→ Task instructions
Which lines run from the one with "http://www.bsv" through the end of the data? Retype them exactly, without pictures.

→ Given material
·····

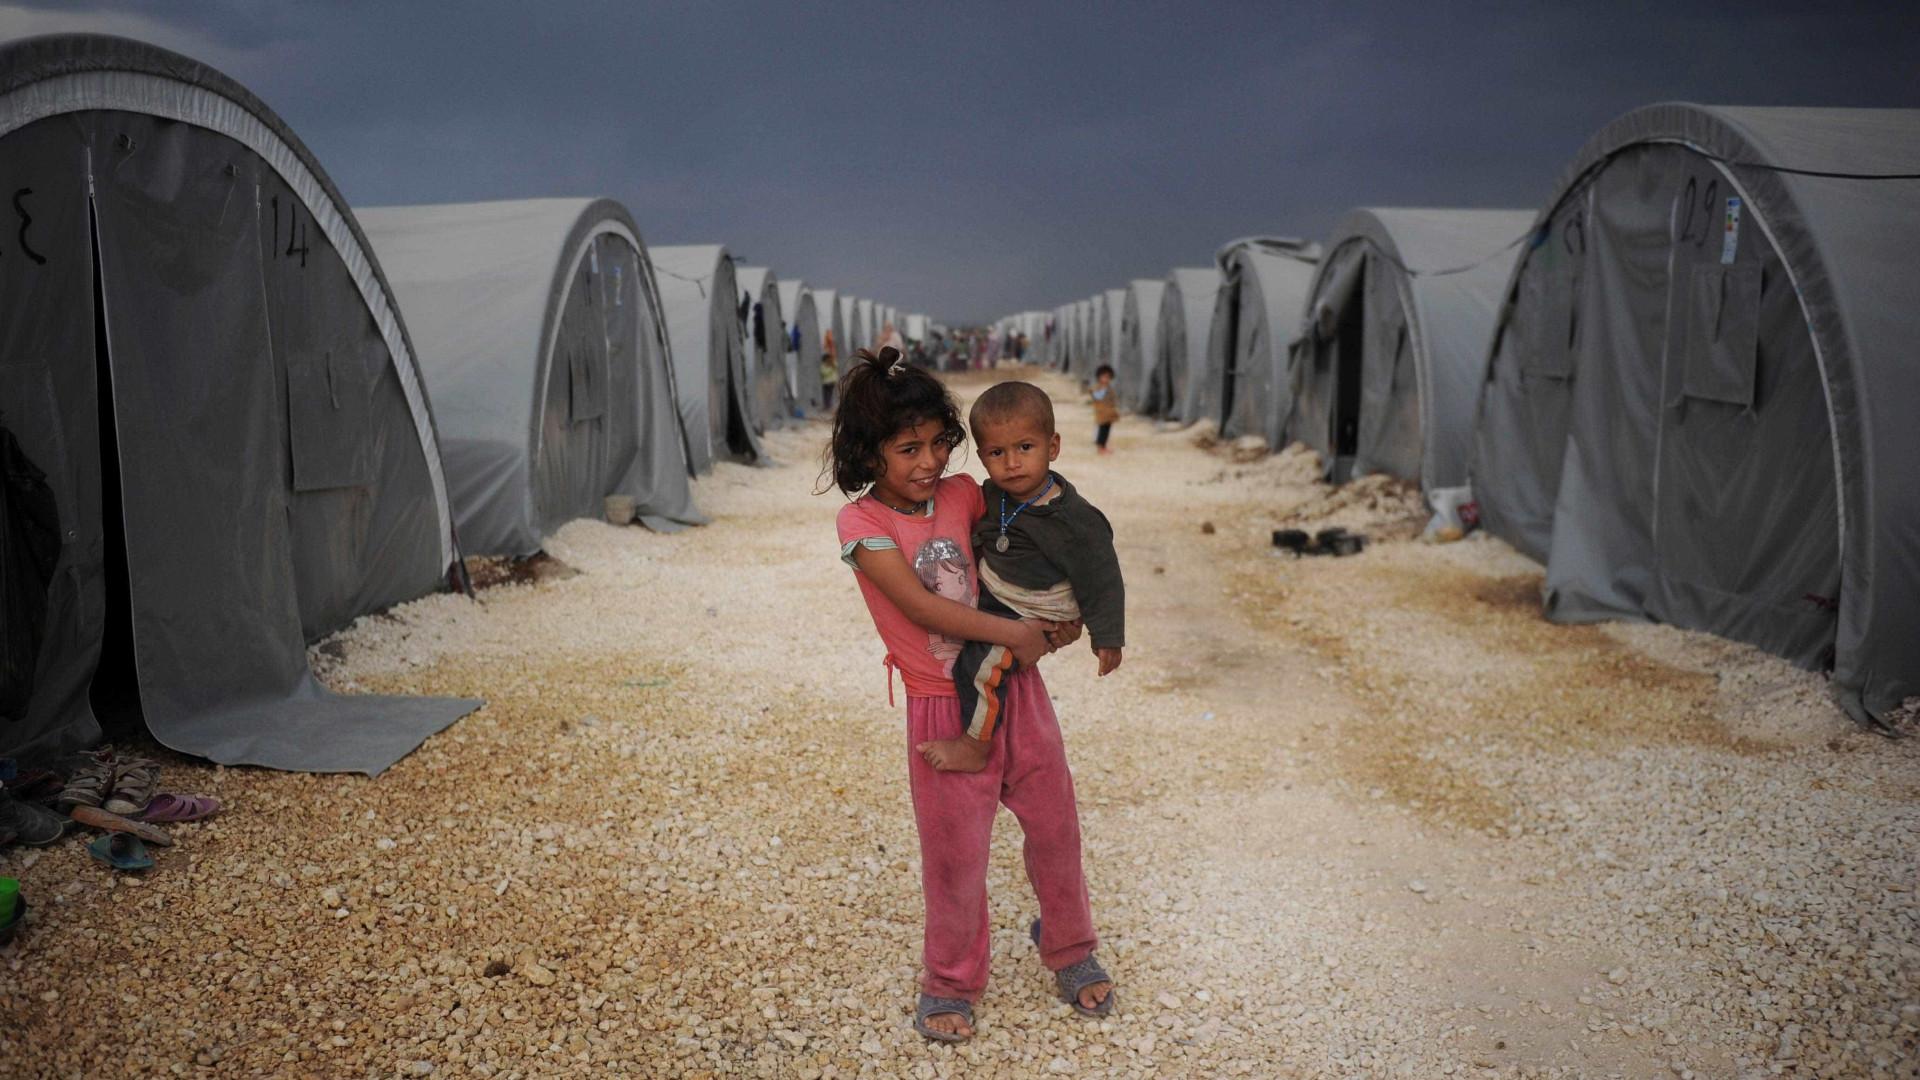 Turquia abre complexo para acolher órfãos sírios
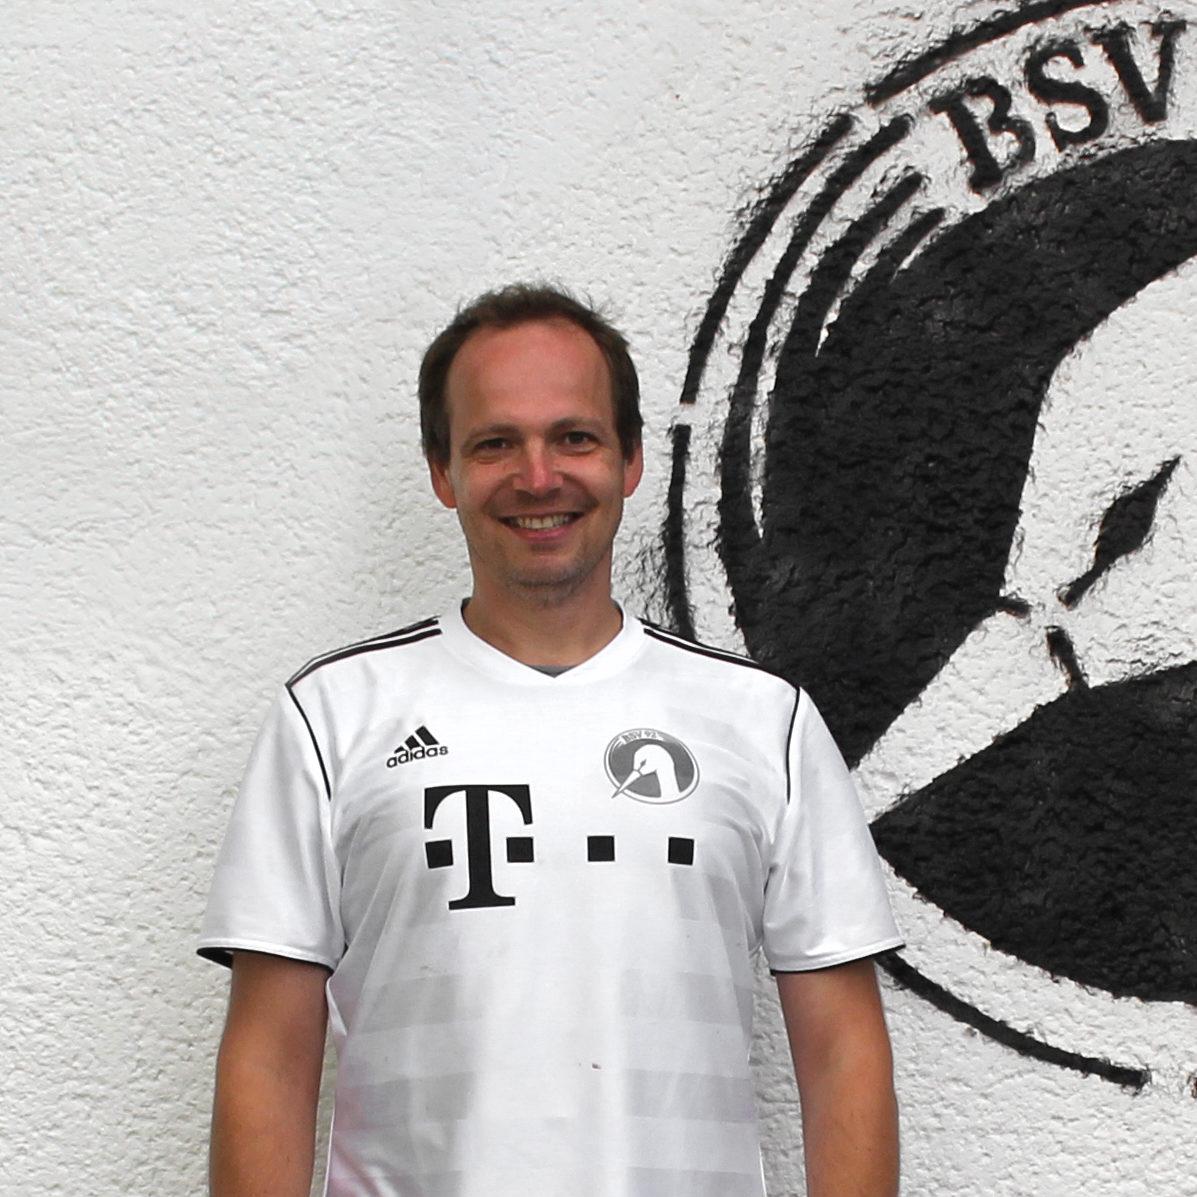 http://www.bsv92-hockey.de/wp-content/uploads/2018/11/Jörg-Schneider-Breit-e1542152558299.jpg
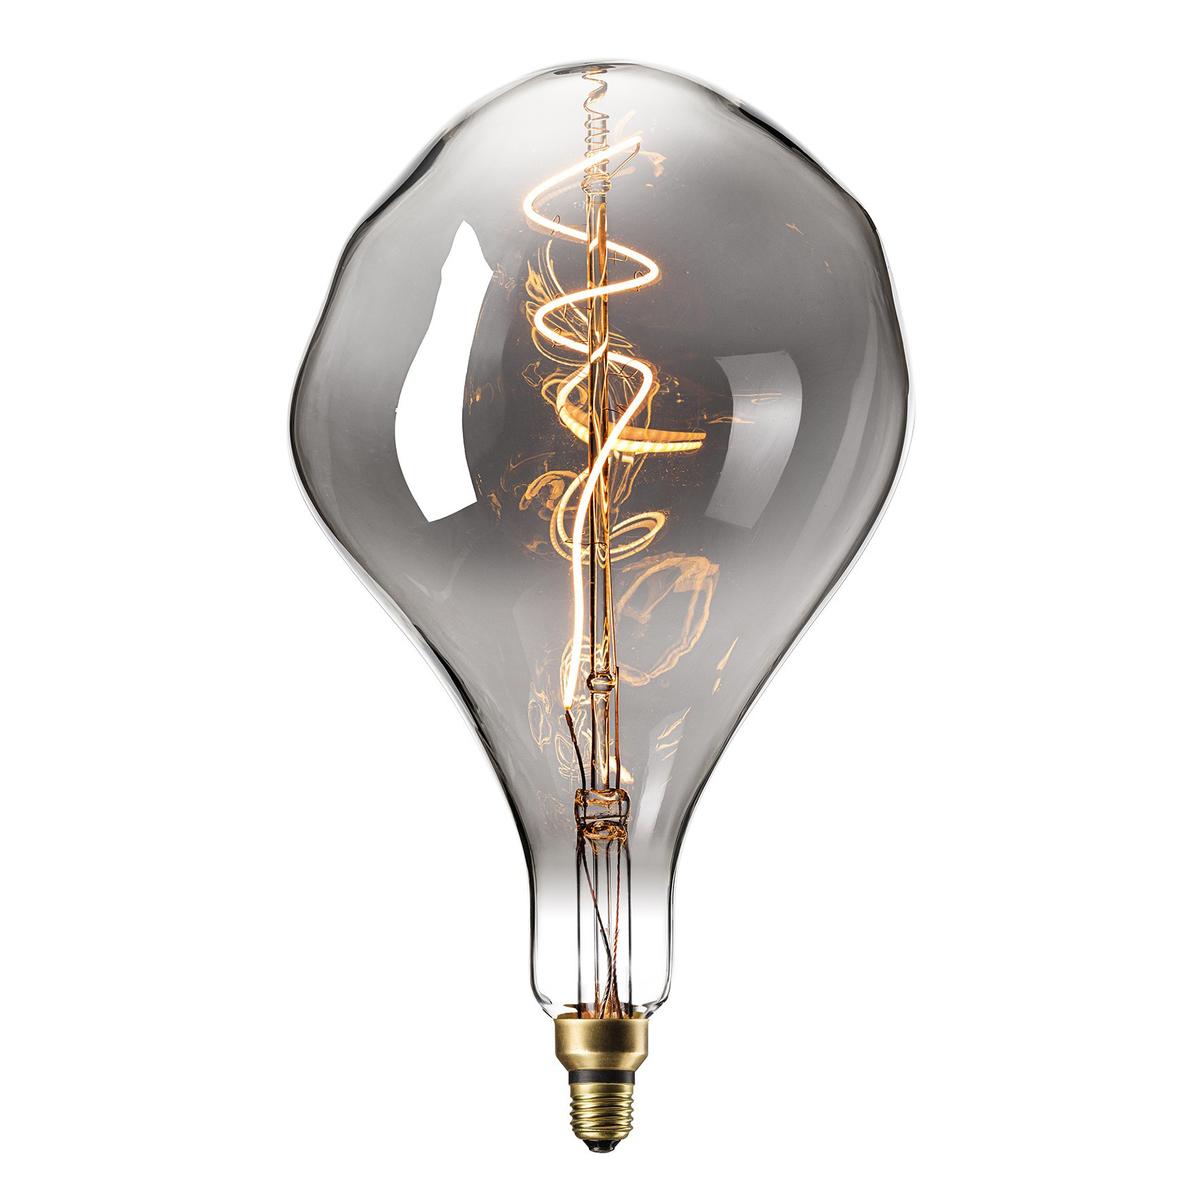 Ampoule filament décorative en verre argenté
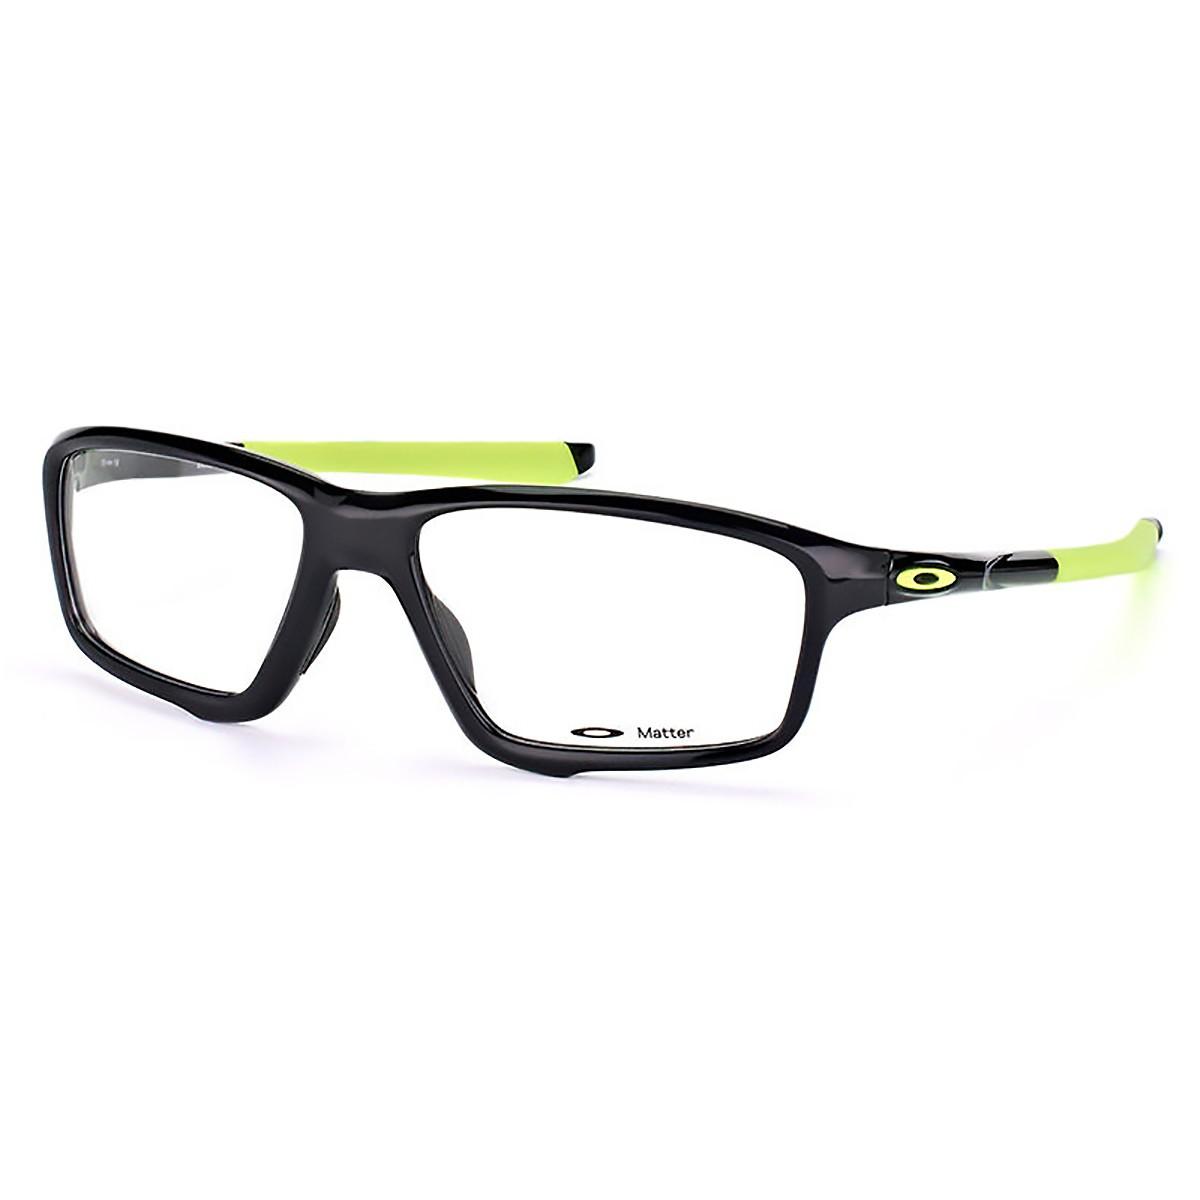 Compre Óculos de Grau Oakley Crosslink Zero em 10X   Tri-Jóia Shop dab5323eb9

·····

→ Problem solution
 http://www.bsv92-hockey.de/wp-content/uploads/2018/11/Jörg-Schneider-Breit-e1542152558299.jpg
 Ampoule filament décorative en verre argenté
 Compre Óculos de Grau Oakley Crosslink Zero em 10X   Tri-Jóia Shop dab5323eb9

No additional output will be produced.